なぜならば、出版後に時期を経た本は、読まれない傾向にあるからです。本とは異なりますが、日本原子力研究所の図書館において複写・貸出がされる雑誌は、最新1年間の号が全体の23%、5年前の1年間に発行された号が全体の4%ほどです (仲本 秀四郎 : 科学技術図書館の現在と未来―日本原子力研究所図書館の現場から (勉誠出版, 2007) p.70.)。つまり 5年間で読まれる頻度は 5分の1以下に落ちています。本についても、程度の差こそあれ、同じ傾向が言えます。

したがって、本の内容がいくら良くても、それを若い世代を惹きつけるような背景や評価を添えて紹介されることは、少ないでしょう。それ故に、インターネット上に全文が載せられていてもアクセスされることは少ないでしょう(そもそも、アクセスが期待されなければ、全文を載せる作業にも困難が伴います)。

【2014/ 5/25 追加。ここから】 著作権保護期間が切れる前であっても、その内容を次の世代に伝える方法があります。“引用”です。

しかし、著作権保護期間が切れる前に著作権法上 認められる引用は、「公正な慣行に合致」し、「引用の目的上正当な範囲内」に限られます。内容の核心は、引用で伝えられますが、それを支える部分は、引用ではまかなえません。「続きはWebで」としたいところですが、著作権保護期間が切れる前には、「続きはWebで」が、できないのです。【2014/ 5/25 追加。ここまで】


ケース1で考えた機序(メカニズム)による累積性は、弱くなります。著作物という形で記録された、良い知識や知恵が、世代を超えて伝わる量が減ります。
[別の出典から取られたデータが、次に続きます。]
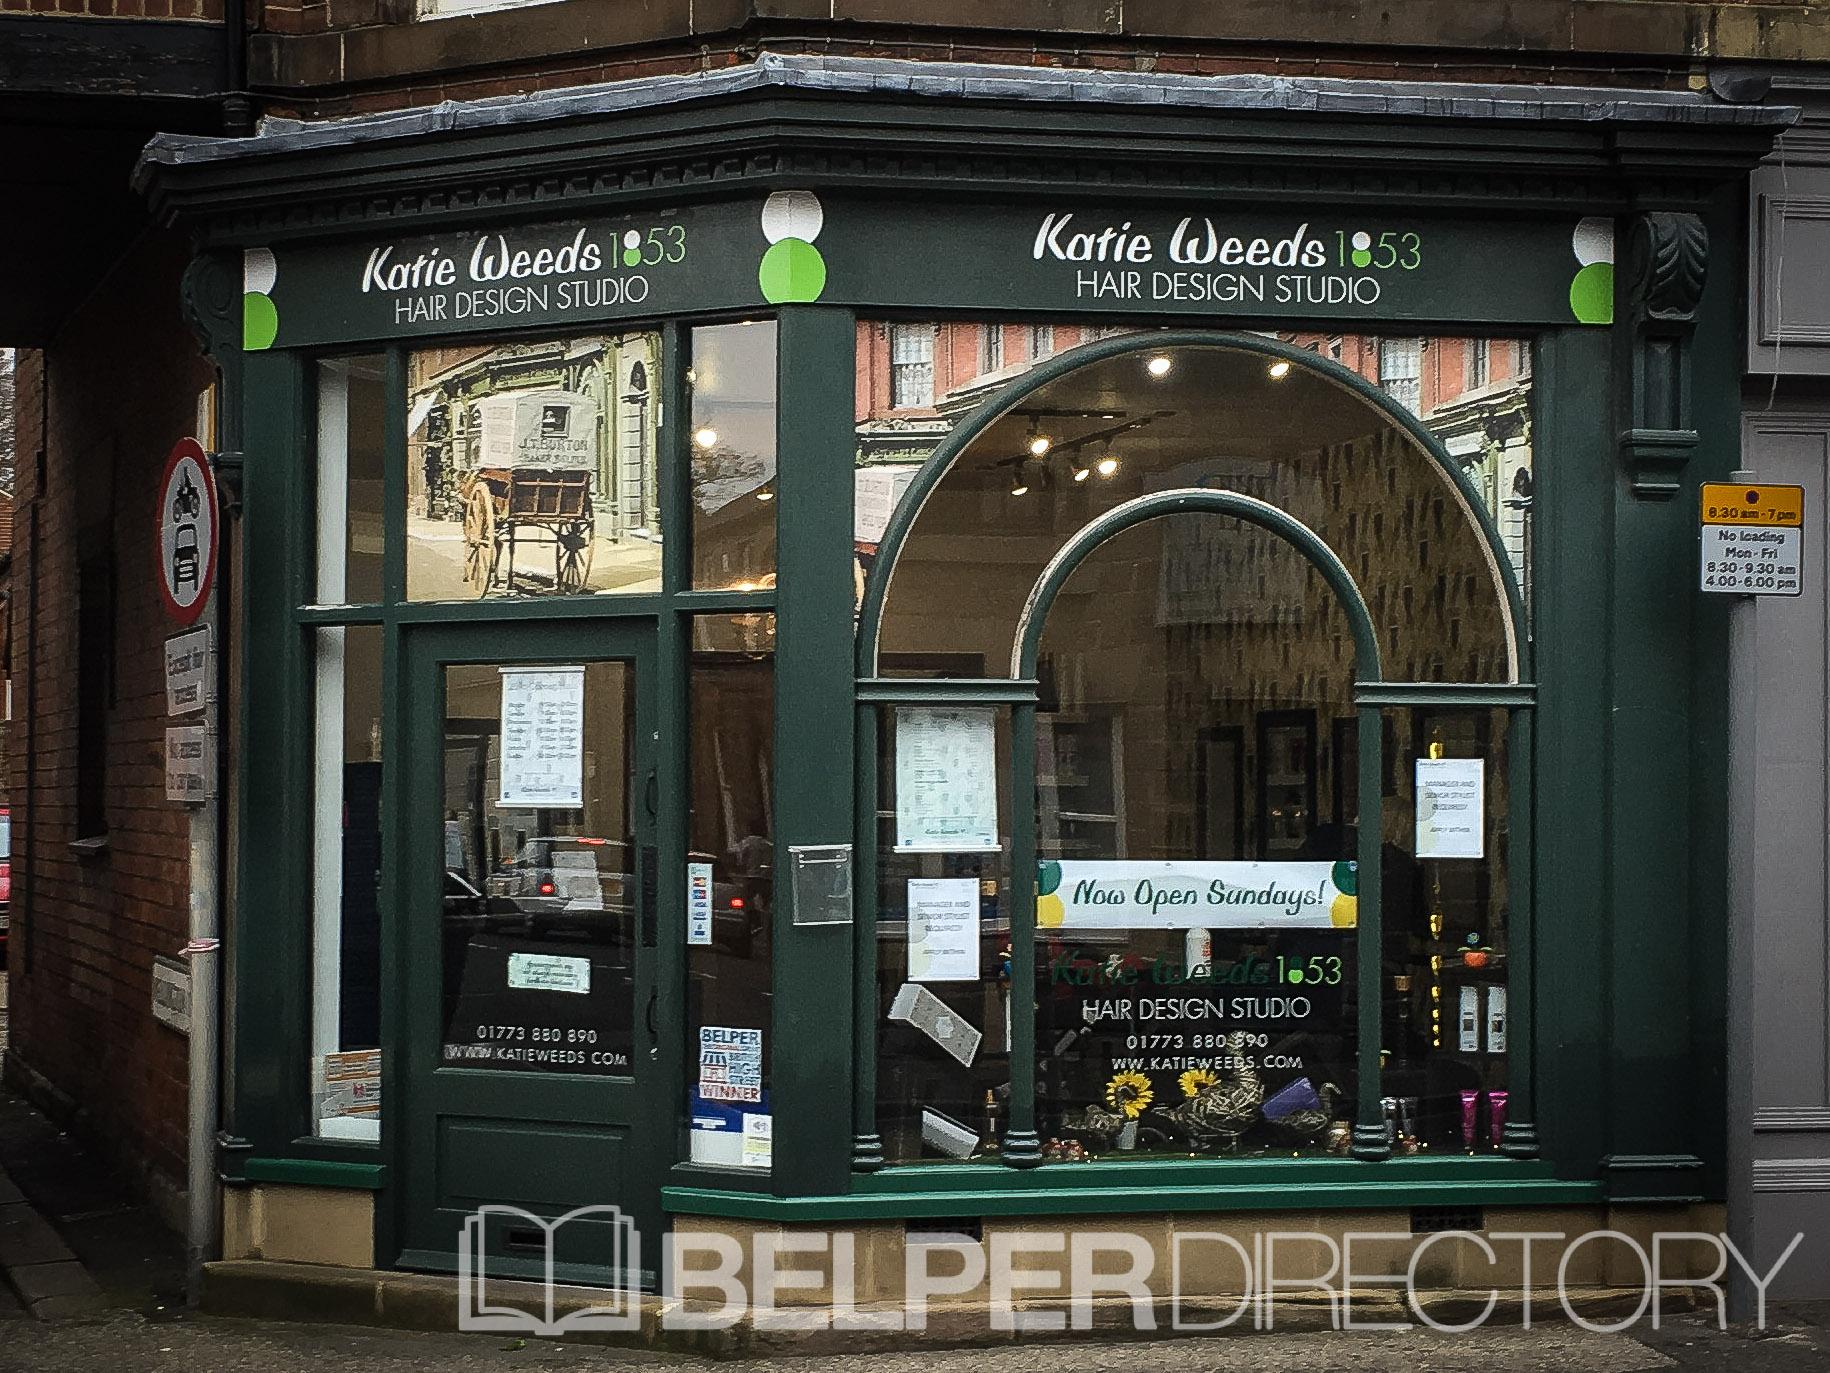 Katie Weeds 1853 Hair Design Studio on Inter Search

資源の枯渇などが引き起こす新たな状況に対し、そのうちに、人類は対処に失敗します。ケース1よりも高い割合で人類は失敗します。


もう一度、結論:

著作権保護期間が著作者の死後70年になると、著作物が生まれた背景と評価が添えられないため、良い著作物であっても世代を超えて伝わらなくなる。良い著作物が社会に共有されず、累積性が弱くなるため、人類の向上が遅くなり、人類は失敗しやすくなる。


補足:
本文章は、2007年に発表した「著作権保護期間 70年では次の一世代による情報の全面的な再利用可能化作業ができない」を元に、その後 7年間の状況変化(電子書籍の登場、電子化の容易化)を考慮し、また、累積性という視点を追加して、文章化したものです。

参考資料:
* 寿命中位数等生命表上の生存状況|厚生労働省。なお、本文章では、男女比を1:1として、概算しました。